È fuori dubbio che l’attività fisica e la fisioterapia hanno assunto un ruolo primario nella prevenzione secondaria dell’osteoporosi, in quanto fondamentali nel mantenimento della massa ossea: le sollecitazioni meccaniche agiscono sugli osteoblasti, da qui la necessità di dosare attentamente i carichi in funzione delle capacità funzionali e delle condizioni osteoarticolari della donna. Nei casi più gravi gli interventi terapeutici sono rivolti in ambito fisioterapico e con l’utilizzo di idonei corsetti rigidi. Nelle fasi acute è invece raccomandato il riposo, tenendo al caldo la zona interessata, ed eventualmente l’utilizzo di analgesici secondo il parere del medico.

Vitamina D
È considerata un vero e proprio ormone di origine steroidea. L’idrossilazione a livello renale permette di ottenere il metabolita attivo della vitamina D; la sua formazione è finemente regolata dal paratormone (quando vi è ipocalcemia), ma è favorita anche dal GH, dagli estrogeni, dalla prolattina. La concentrazione plasmatica normale di vitamina D attiva è di 25-75 pg/ml ed è trasportata all’intestino grazie a una proteina vettrice. In determinate patologie carenziali (ipovitaminosi D) come il rachitismo, la vitamina D è somministrata sia per bocca sia endovena.

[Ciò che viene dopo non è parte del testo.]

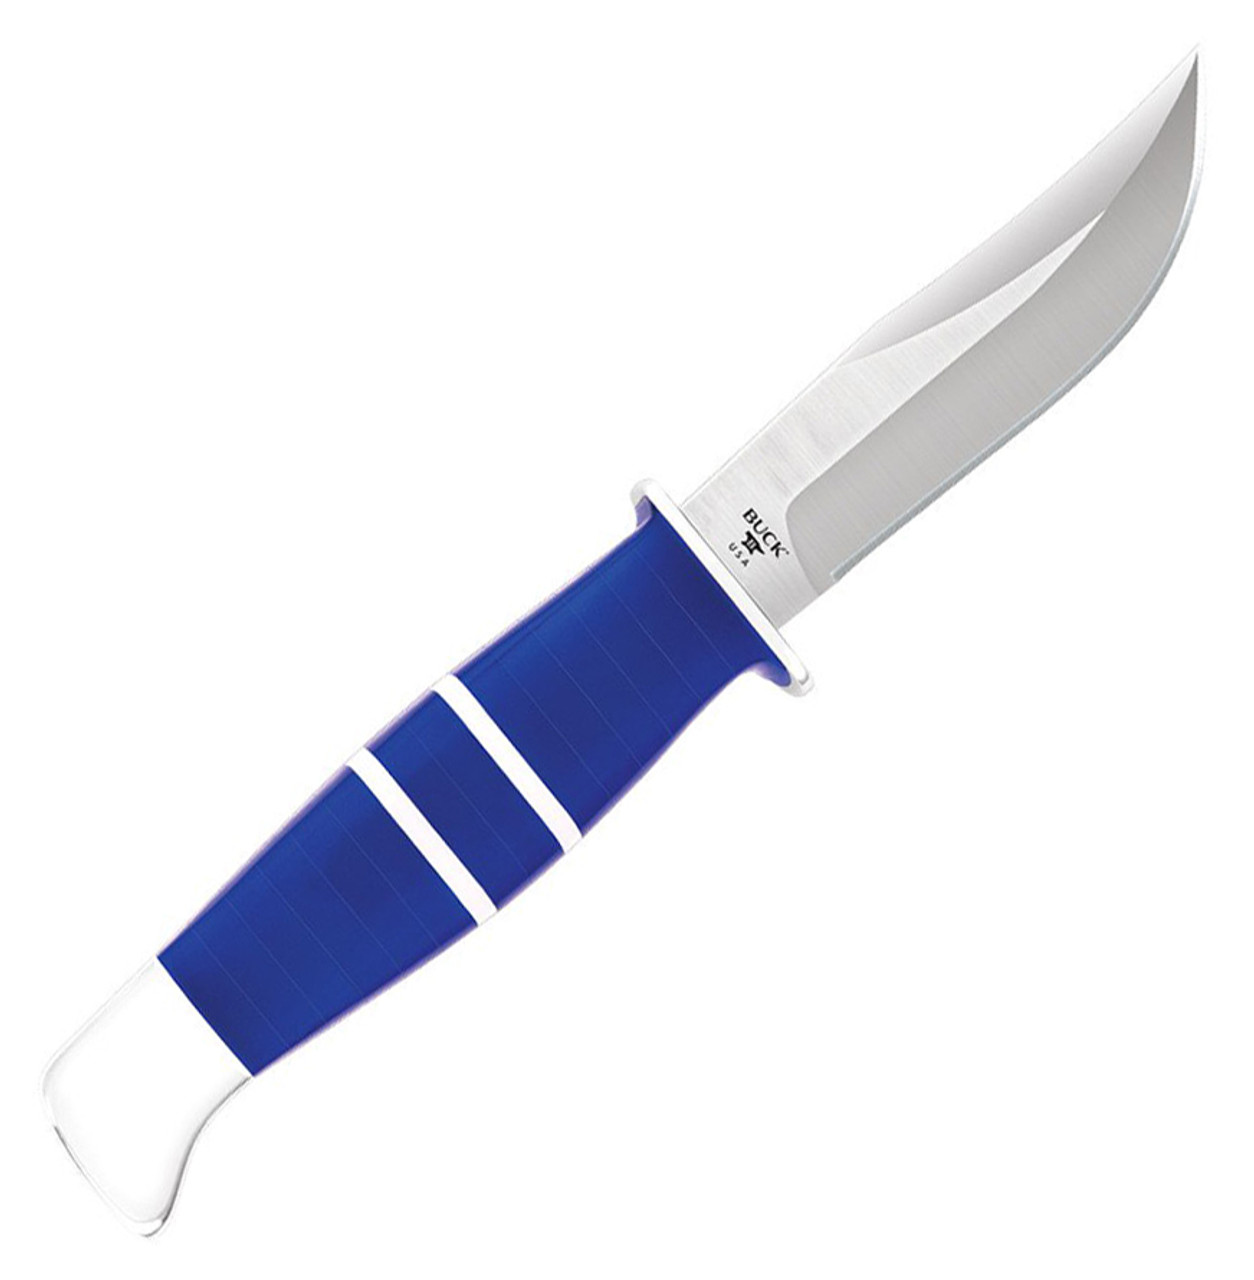 "Buck 212 Fixed Ranger 0212BLSLE- 2021 Legacy Collection,  3.63""W2 Steel Satin Plain Blade,  Blue & White Lucite"

Un eccesso di vitamina D è caratterizzato da anoressia, vomito, stitichezza, ipertensione arteriosa e danno renale. Nella donna la carenza di estrogeni del periodo post-menopausale si evidenzia anche a livello scheletrico proprio per un difetto dell’azione dipendente dalla vitamina D.

Il metabolismo del calcio
Intestino

• L’assorbimento del calcio è possibile grazie all’azione della vitamina D
• Il paratormone promuove l’attivazione della vitamina D
• Il lattosio ne facilita l’assorbimento
• Alcuni fitati (vegetali) ostacolano l’assorbimento.
Rene
• Eliminazione del calcio (facilitata dalla calcitonina e inibita dal paratormone)

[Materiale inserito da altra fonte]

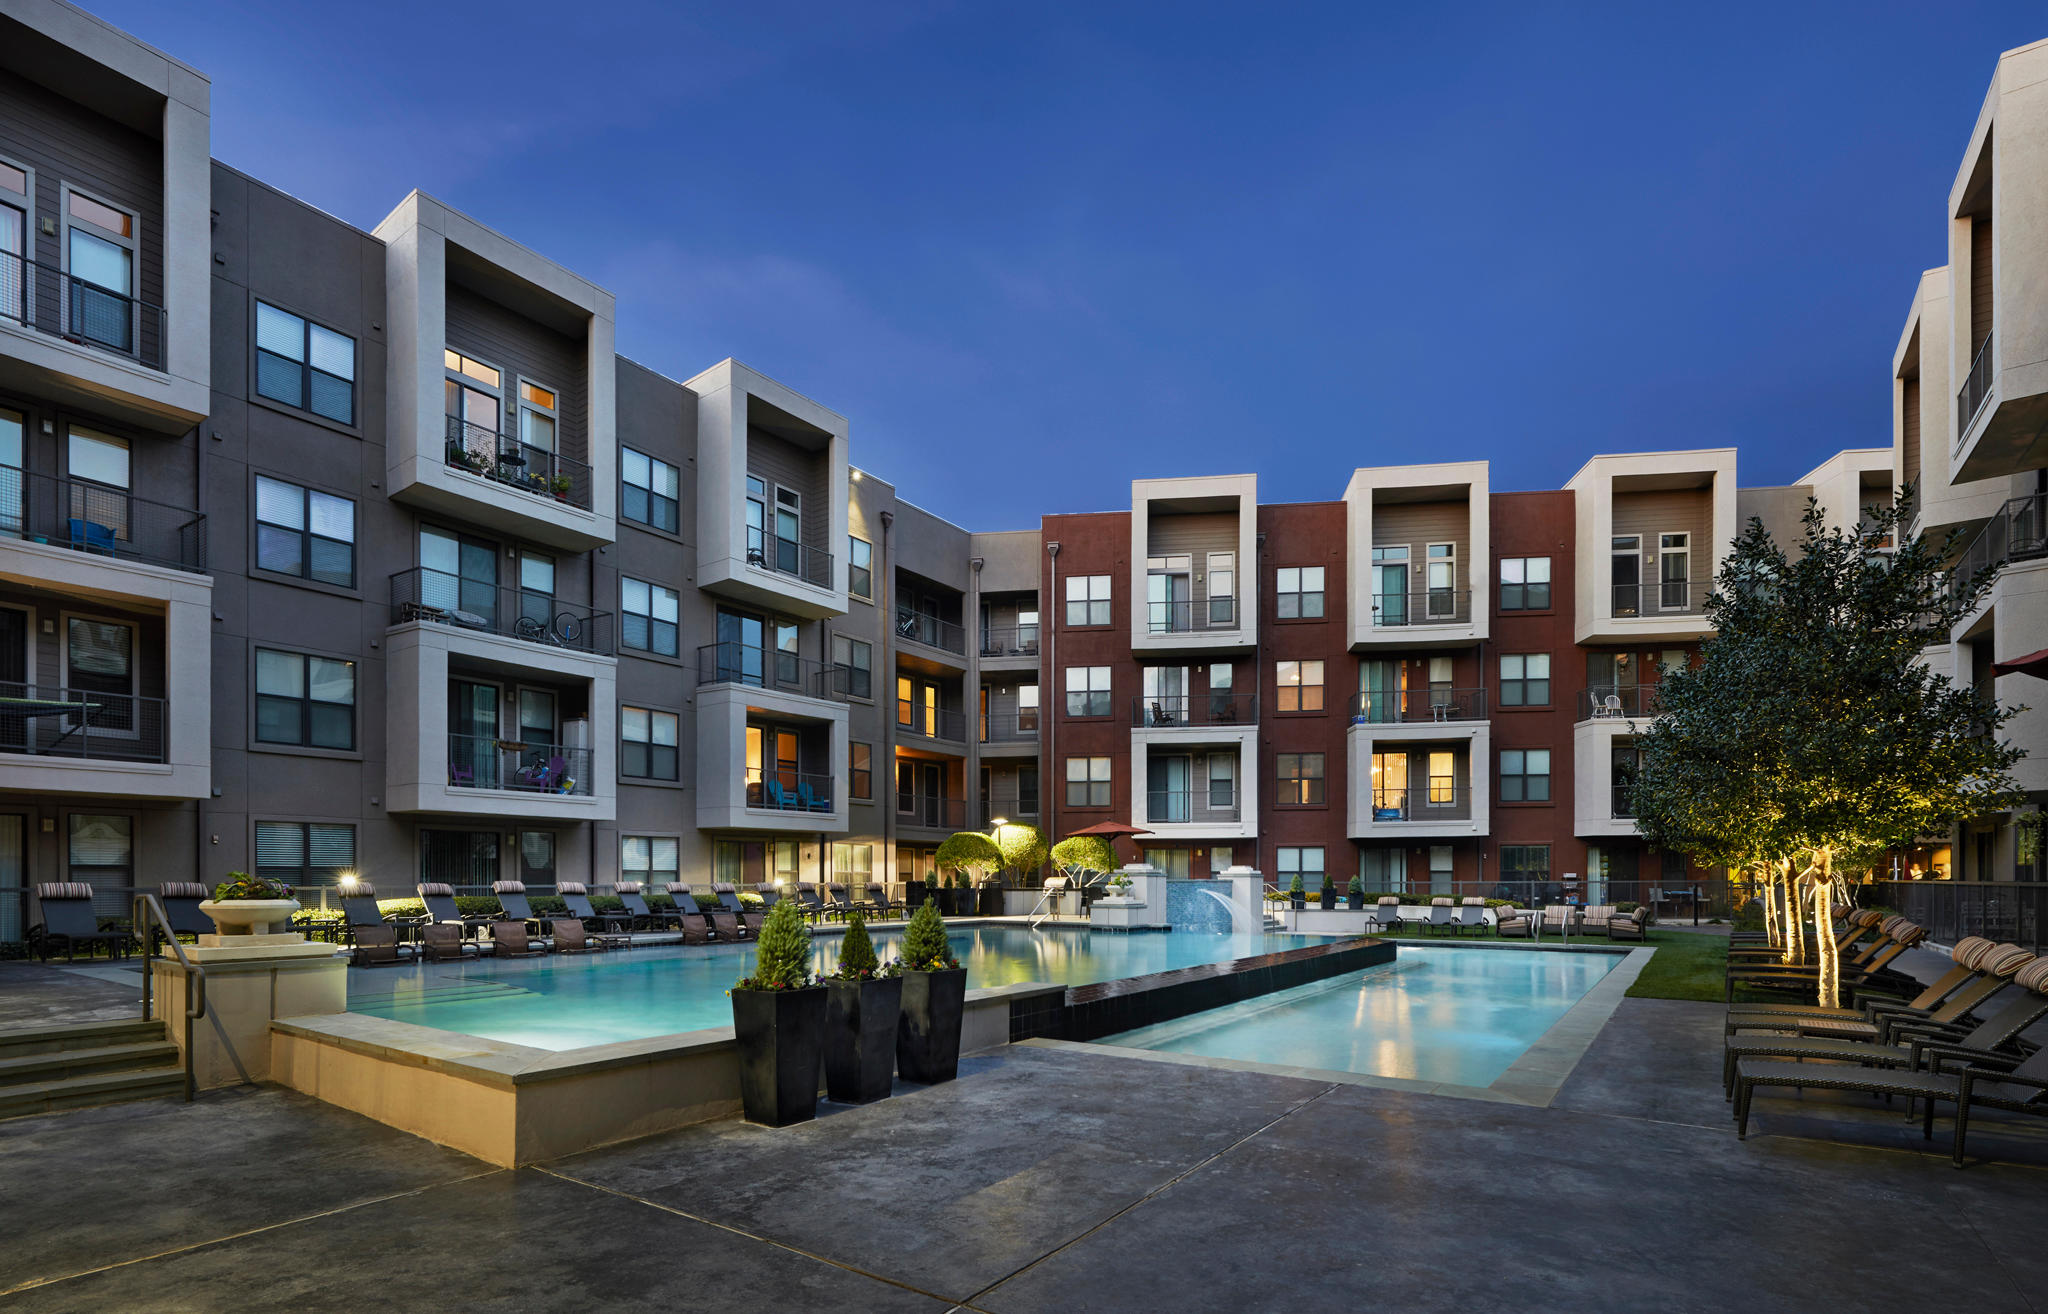 Camden Design District Apartments image 13

• Trasformazione (seconda idrossilazione) della vitamina D nella sua forma attiva
• Patologie renali determinano il rachitismo (resistente alla vitamina D) per difetto dei processi di idrossilazione della vitamina D.
Osso
• Sintesi proteica e calcificazione promossa dagli osteoblasti e inibita
dagli osteoclasti
• Il paratormone favorisce il riassorbimento del calcio dall’osso e contrasta l’ipocalcemia
• Le sollecitazioni meccaniche (esercizio fisico), la calcitonina, gli ormoni sessuali (estrogeni) e il GH aumentano la formazione e la crescita ossea.